→ **Extracted entries**
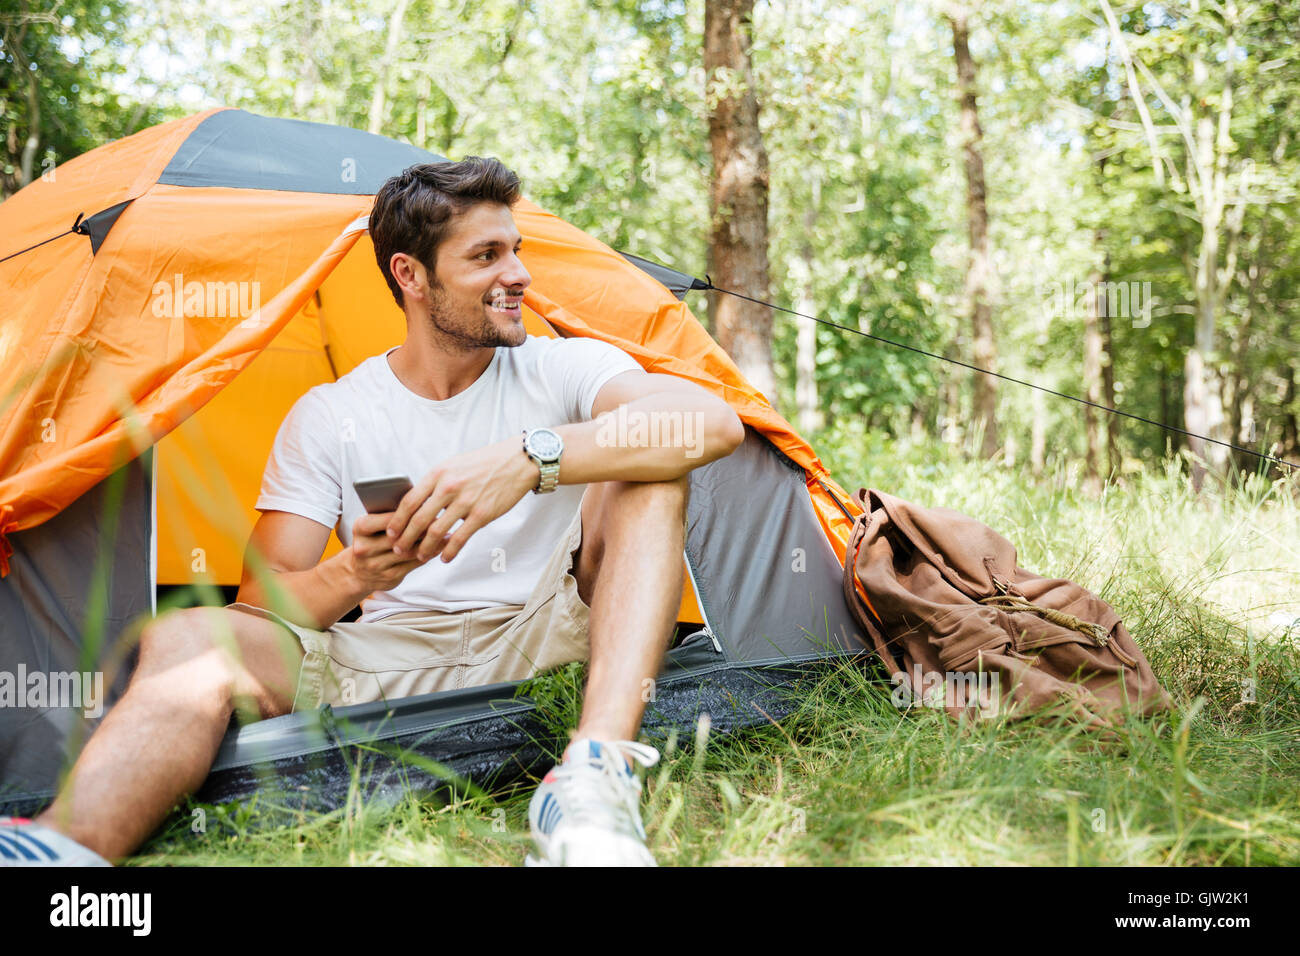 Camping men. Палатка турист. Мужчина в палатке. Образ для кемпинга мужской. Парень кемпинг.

* * *

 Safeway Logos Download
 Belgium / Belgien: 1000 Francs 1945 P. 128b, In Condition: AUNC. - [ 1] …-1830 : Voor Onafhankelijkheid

---

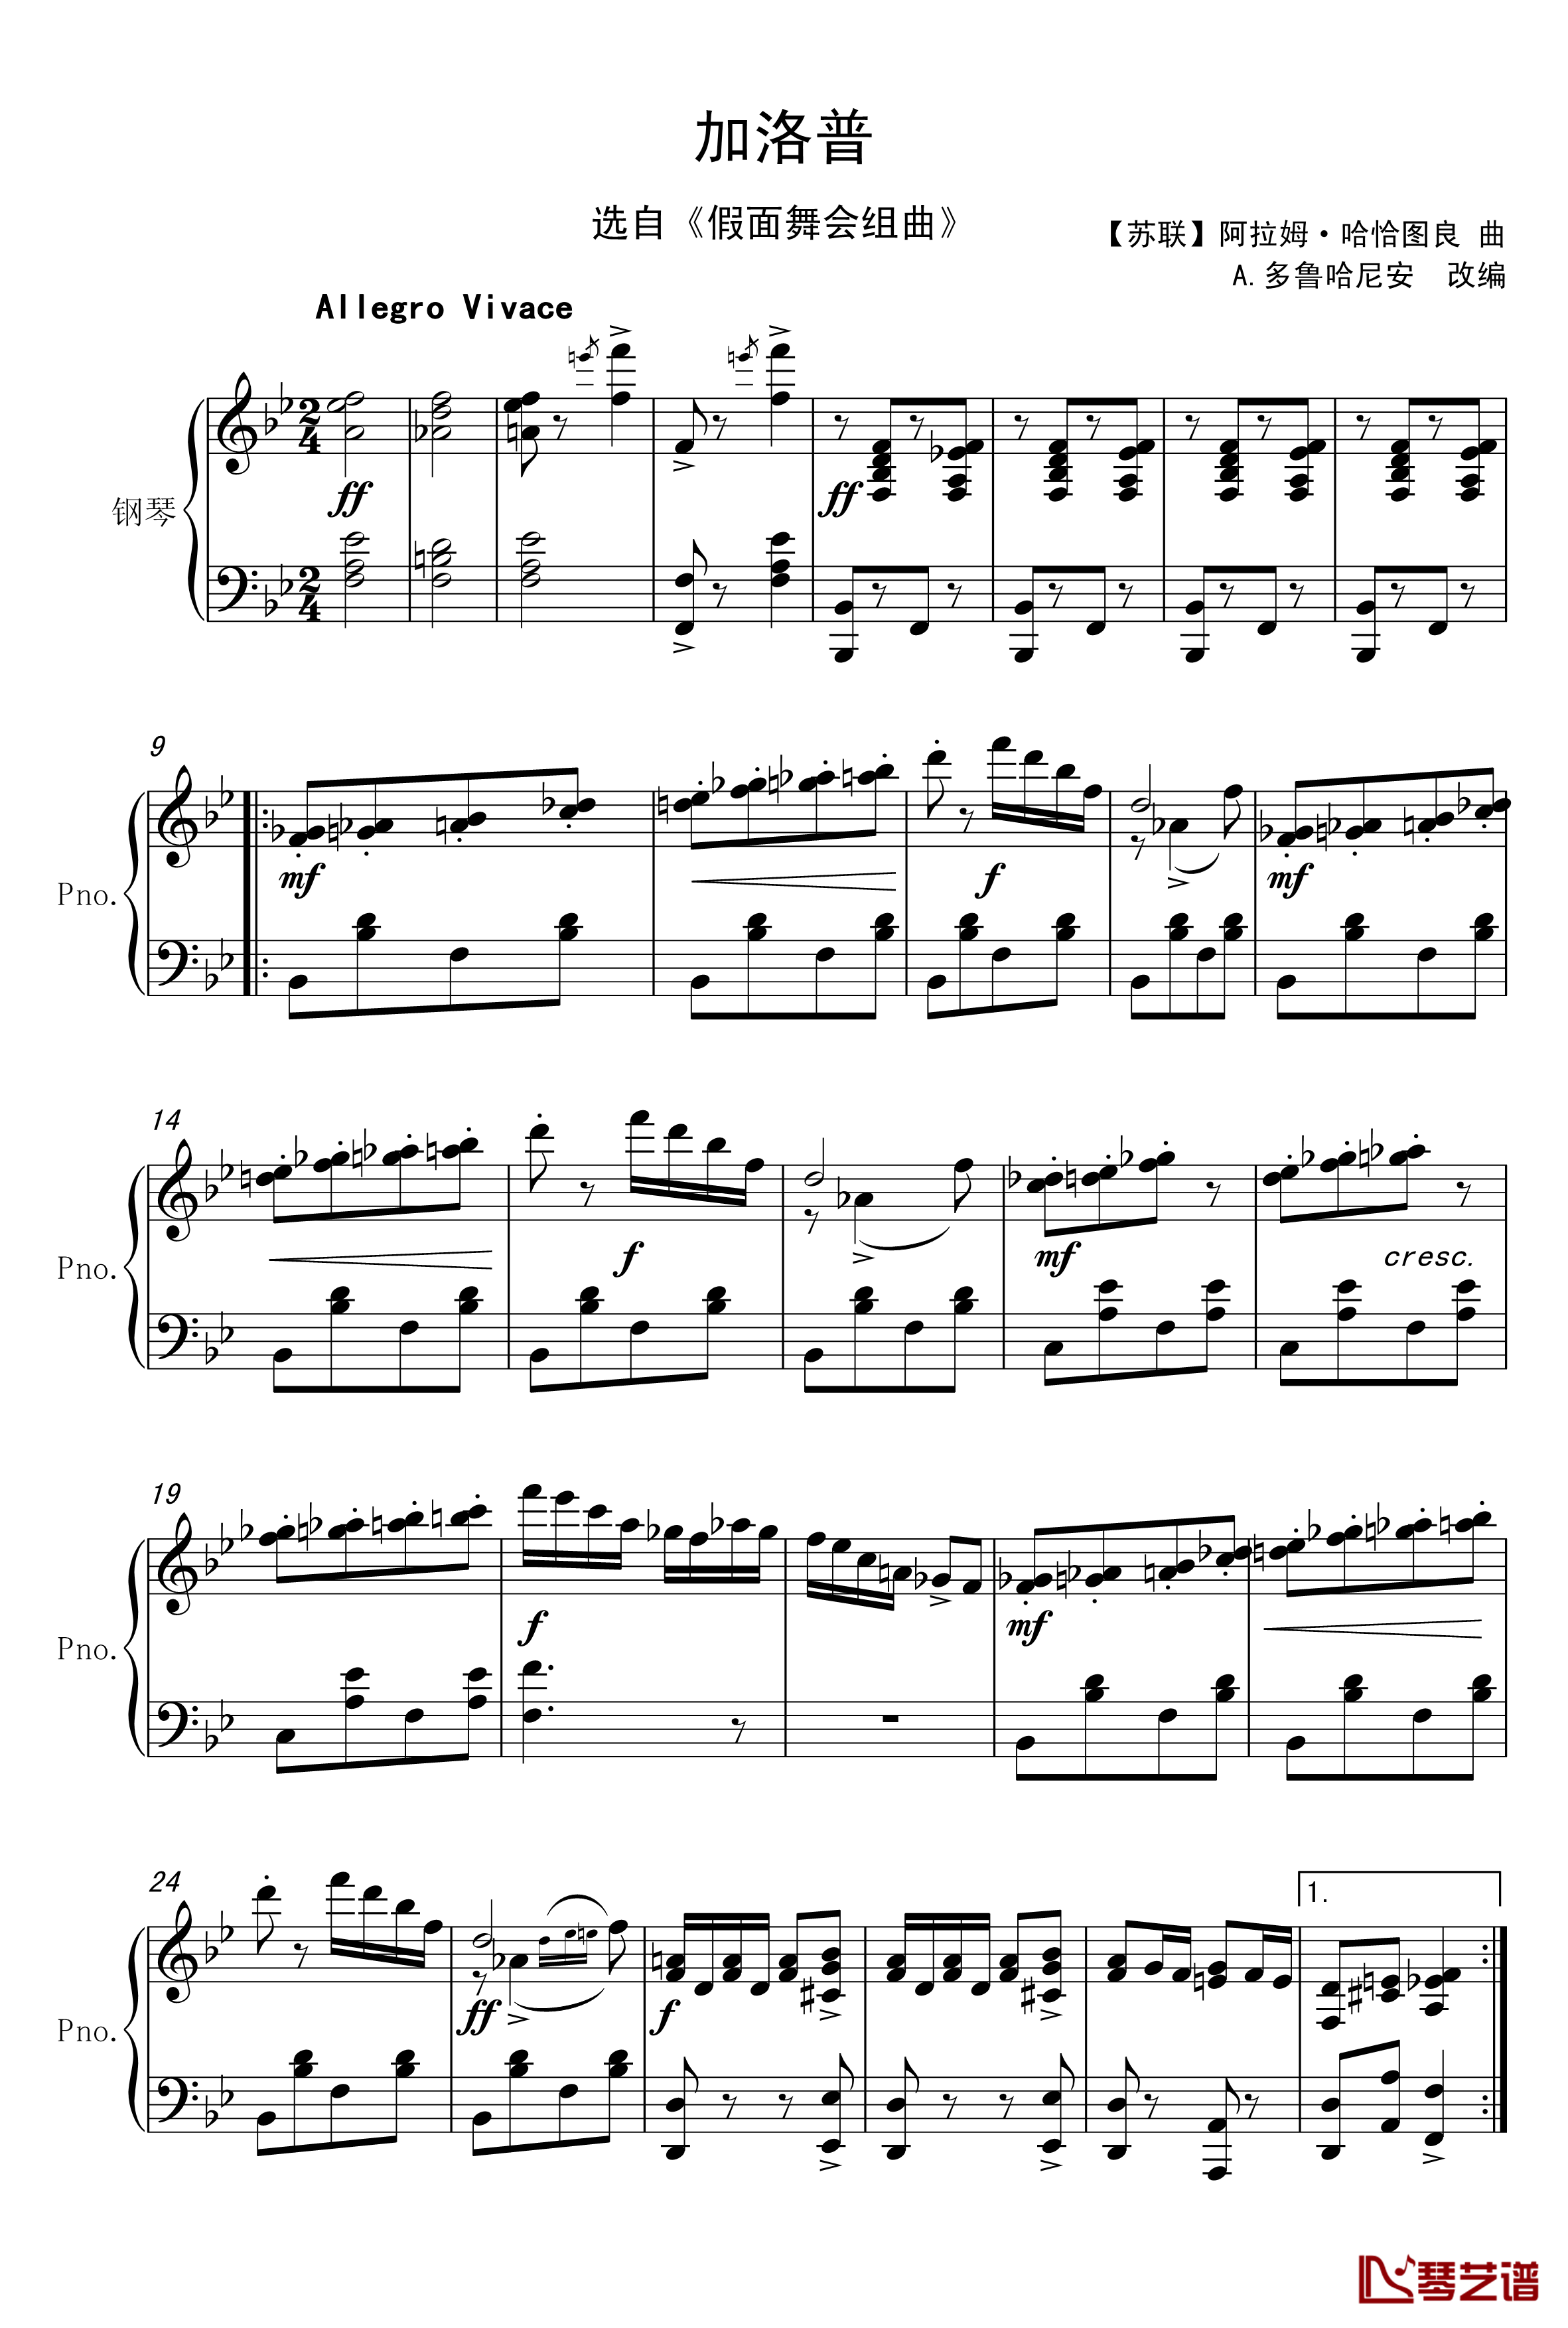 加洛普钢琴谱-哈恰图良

→ **Your task**
Return only the stretch of the material above from the line holding "Safeway Logos Download" through the line holding "Belgium / Belgien: 1000", copied exactly.

→ **Response to this task**
 Safeway Logos Download
 Belgium / Belgien: 1000 Francs 1945 P. 128b, In Condition: AUNC. - [ 1] …-1830 : Voor Onafhankelijkheid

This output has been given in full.